Author: Perie Longo

  • For David Krieger

    For David Krieger

    Perie Longo read this poem that she wrote for David Krieger at the 36th Annual Evening for Peace on October 20, 2019. The poem is a response to Krieger’s poem “I Refuse.”

    For David Krieger

    2019 Distinguished Peace Leader
    Nuclear Age Peace Foundation

    Yes David, our hero, we hear you in the words
    of the dissenting Meija, and in hundreds
    of your writings and poems that circle the globe
    for good, insisting return to common sense
    in this trigger happy age. Seer and sage,

    you must wear a fire proof shield
    the way you’ve confronted the flames of evil
    and still be in one piece, waving your pen
    at once dove gentle and warrior fierce.
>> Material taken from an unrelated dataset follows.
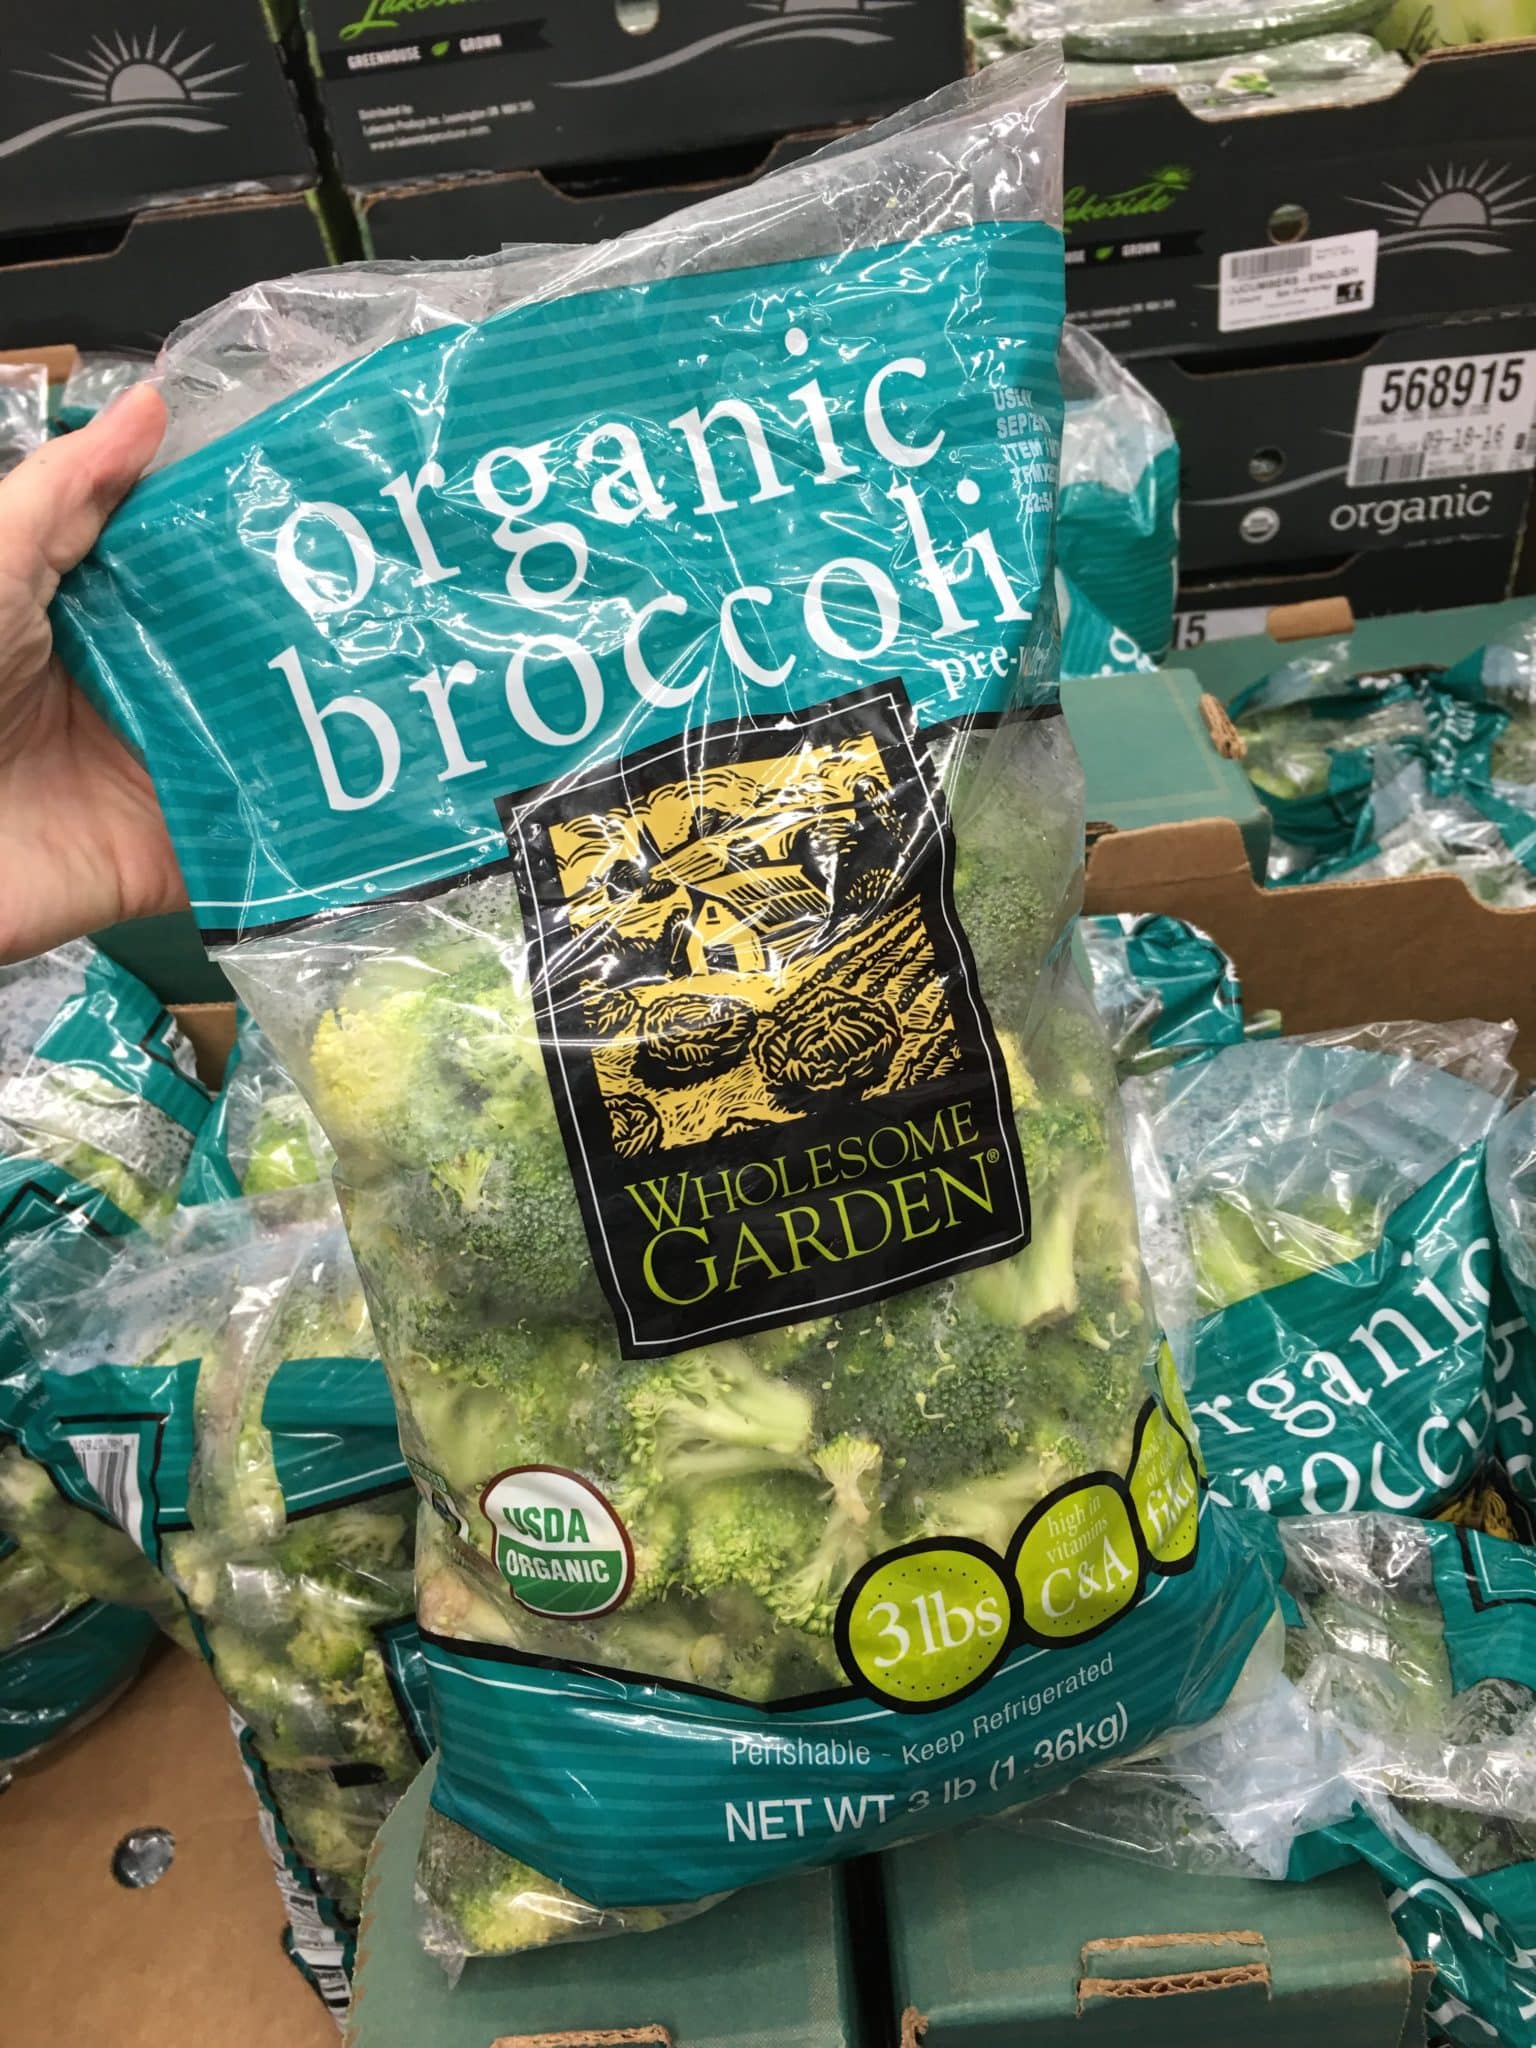 Organic broccoli from Costco

    From the beginning you’ve crossed many lines,
    and crossed out some too, stating your case
    in the name of truth. In the field of this room,
    we, who’ve followed your lead, gather
    as many more will because of your valor

    speaking volumes loud and clear. Nukes, never!
    For humanity’s sake, Hope and Peace forever!
    David, your distinguished life’s work is the poem,
    blend of mind and heart which knows no end.

    by Perie Longo
    Santa Barbara Poet Laureate 2007-09
    Oct. 20, 2019
    36th Annual Evening for Peace

  • 2019 Winning Poems

    2019 Winning Poems

    These are the winning poems of the Nuclear Age Peace Foundation’s 2019 Barbara Mandigo Kelly Peace Poetry Awards. For more information on the peace poetry contest, and to read the winning poems from previous years, click here.
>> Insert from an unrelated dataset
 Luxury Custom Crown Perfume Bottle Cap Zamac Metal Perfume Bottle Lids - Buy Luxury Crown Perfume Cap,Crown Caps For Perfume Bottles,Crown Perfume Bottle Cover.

    Adult Category, First Place
    Devreaux Baker

    Counting Moons

    I am counting moons until the memory of the bombing
    of your sister’s village folds up its tents and finds
    a home in someone else’s heart. Ten moons after
    and I am still dreaming of winter in the mouth of spring,

    still feeling the hooves of loss stampeding
    the bones inside my body, wondering where
    the dead journey when they walk out
    of the houses of the living.

    This is the way we learn how to make sense
    in a senseless world, count moons that cross the sky
    and roll bone dice in the backwater alleys of our souls
    until all our questions of right and wrong learn lessons

    from the shape-shifter and fly out of our doors as birds;
    crows or ravens. I wander the hallways like a lost ghost
    and ask why did she want a wedding in a world made of war?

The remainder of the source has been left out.